To the best of my knowledge, there was no gravy involved
I had a weird dream Friday night.
And, because this is my blog, I'm going to tell you all about it.
It started out with this scene: A guy having a covert conversation with some other guys in a public restroom. I don't remember what they were saying, just that it had a very spy-like feel to it; this guy was meeting with "the enemy", spilling some information he was not supposed to spill.
Then, in the next scene, I was assisting with the investigation of that incident. The head of the investigation was some CSI-type chick who had analyzed all the evidence. The most damning piece of evidence was this: We had installed surveillance equipment in the walls during the time of this guy's illicit meeting, and although we couldn't make a definite voice match to him, we compared a printout of the "sound waves" of his voice, and the sound waves seemed to be an exact match.
Ms. Investigator chick and I went into the public bathroom together with this guy, for the "interrogation." The guy was "obviously" guilty in her eyes; she was saying stuff like "Nah, c'mon. We've gotcha. You know that. We've got the evidence right here." And she showed him a comparison of the two sound wave charts. They were projected onto the wall as if it was a slide show.
I looked at them (apparently for the first time), and was kinda surprised to see that the voice patterns DIDN'T really match up perfectly. They were similar, but not exact. "Hmmm," I thought quietly to myself.
The guy began claiming his innocence, giving all sorts of great reasons to why the "evidence" had been misinterpreted. As for the voice analysis, he turned to ME and said "You. Say something."
"What?" I said.
He turned to the investigator as if nearing the crux of his case. "See? It could have been anyone."
It seemed he was making the point that anyone's voice could have made the same imprint on the sound sensors. And, I thought to myself, that would explain why the vocal "fingerprints" didn't match up exactly....
Now the dream gets weird.
Apparently we lived in a society that used fake mashed potatoes a lot. We used them for insulation, and as an ingredient in milkshake-type beverages, and no doubt in many other ways as well. Throughout the course of the investigation, I had been sipping a "slush/shake" type of thing which seemed to be fake mashed potatoes mixed with a little Mello Yello. I remember it was Mello Yello, not Mountain Dew.

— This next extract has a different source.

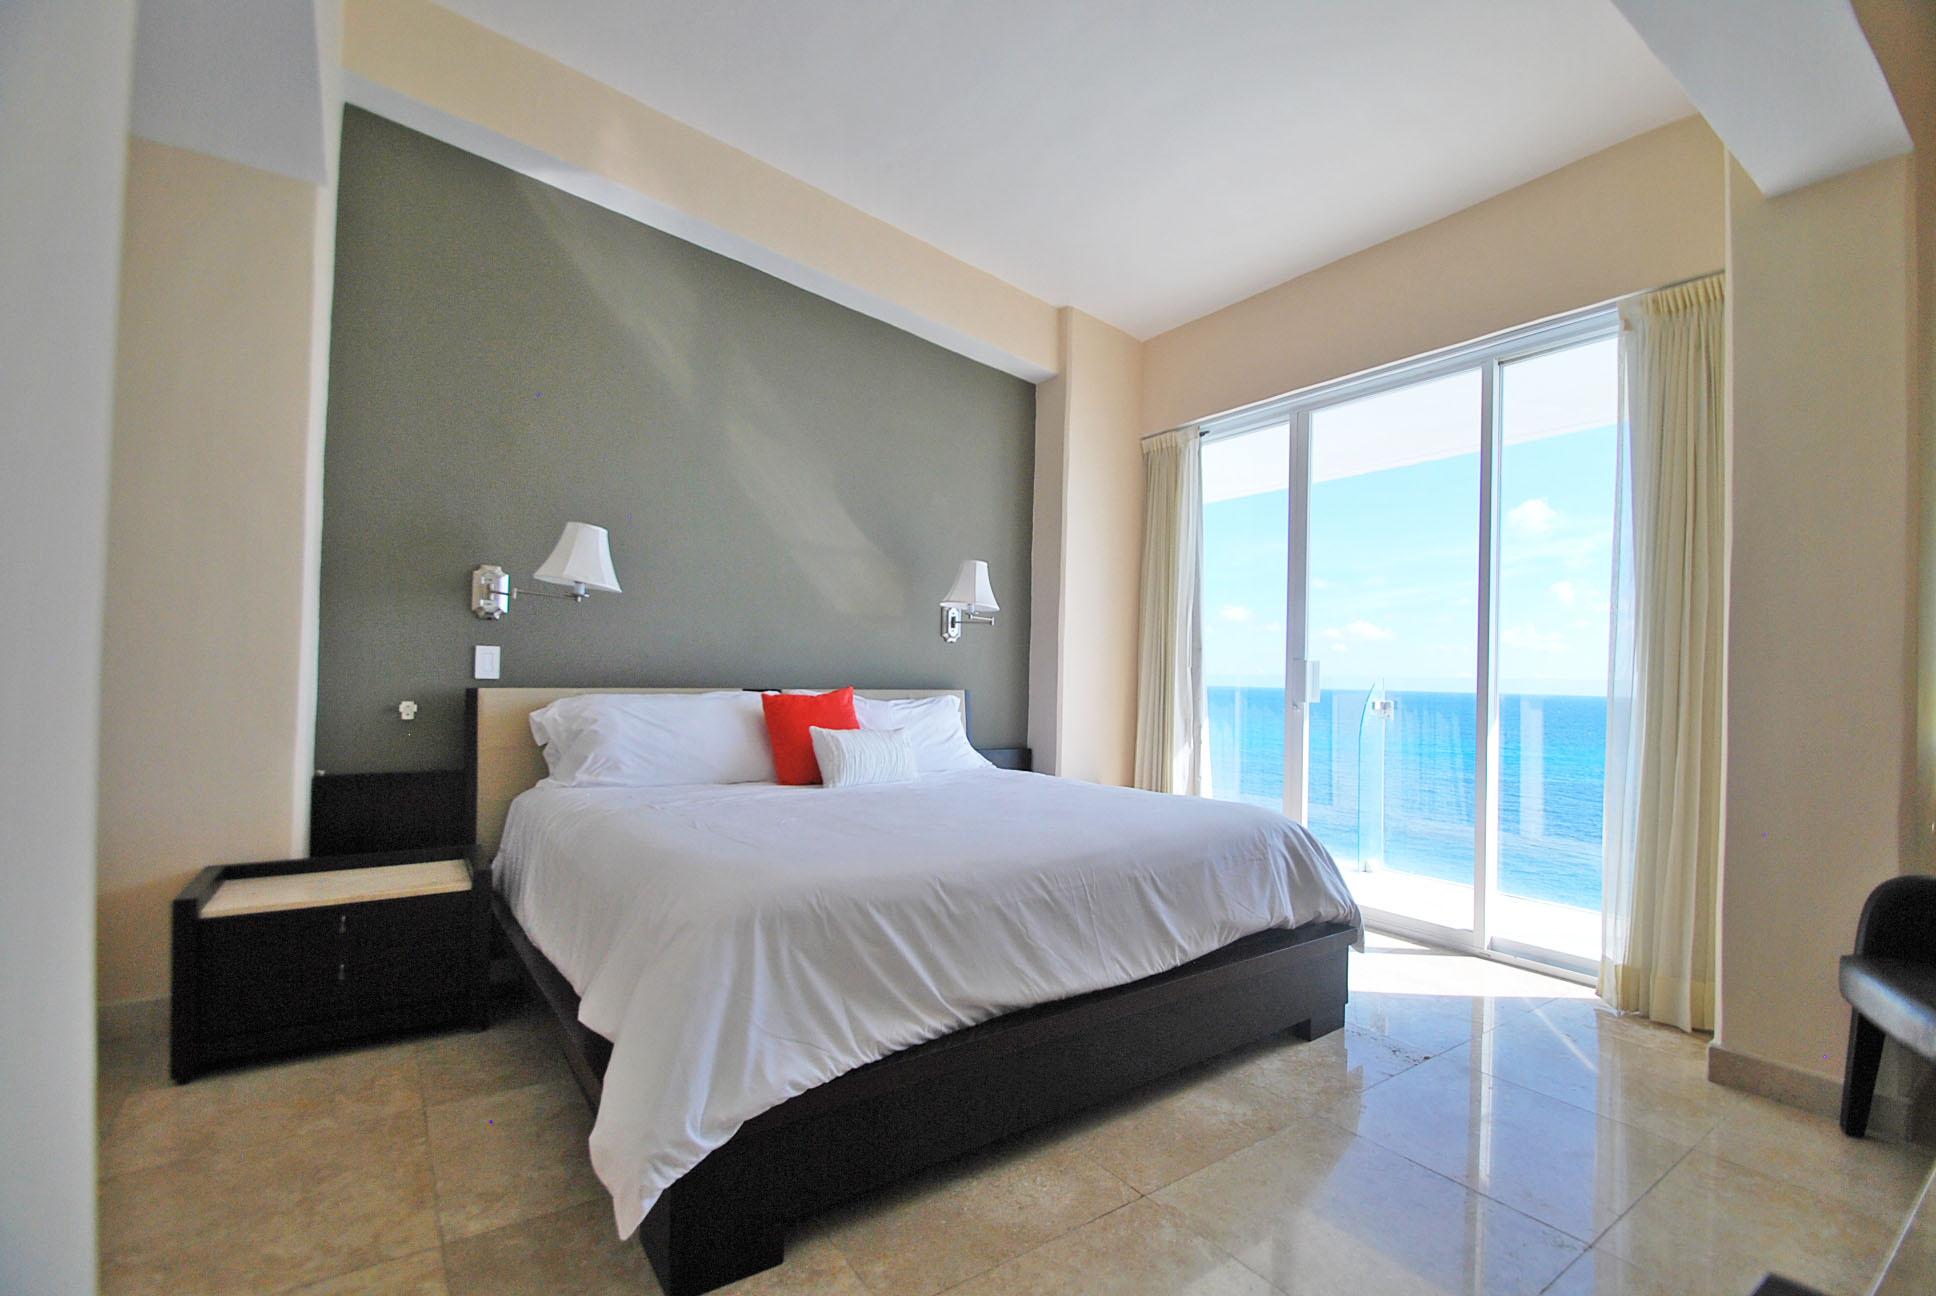 371 - Bedroom 2

So it turned out that there was a real possibility the evidence had been planted there by another spy who had scooped out the mashed-potato insulation from inside the walls, hidden there, and found a way to spy on this guy's conversations in the bathroom. Somehow, perhaps this guy was not the criminal but a victim after all.
The guy left the room and was taken back into custody, leaving me and the investigator to mull over the evidence. I turned to her and said "Y'know, at first I was positive this guy was guilty, but now... well, now I'm just not sure."
And the dream ended there.
In retrospect, here's what gets me: The dream started out with proof that he really was guilty. I watched him do it! I was an omniscient observer. Yet the rest of the dream was devoted to "Well, gosh, maybe he's innocent..."
And it will definitely be awhile before I can eat mashed potatoes again.
5 comments:
Dang that was a long dream. I have one question though.
Have you ever put the big end of your french horn up to your ass and tried to play it in reverse?
Lets see what kind of dream that the mental image you got from that brings out.
Later Y'all.
Meloncutter: Been there, done that. It sounds kinda like a lovesick buffalo.
The mashed potato thing really wasn't all that weird. It would have been weird if...
...nope. The mashed potato thing really was weird.
You know, Mello Yello has totally been usurped by Vault here.
You still have Mello Yello?
Or are you just dreaming about it?
Personally, I think when you dream about Mello Yello it's a PEE dream.
Fess up, you wet the sheets, right?
Travis: Maybe next time I'll dream about Stove Top Stuffing. Or CAKE!
Morgen: I haven't checked in awhile, but I THINK we still have Mello Yello here. Usually when I have to pee, I dream that I'm searching for a toilet.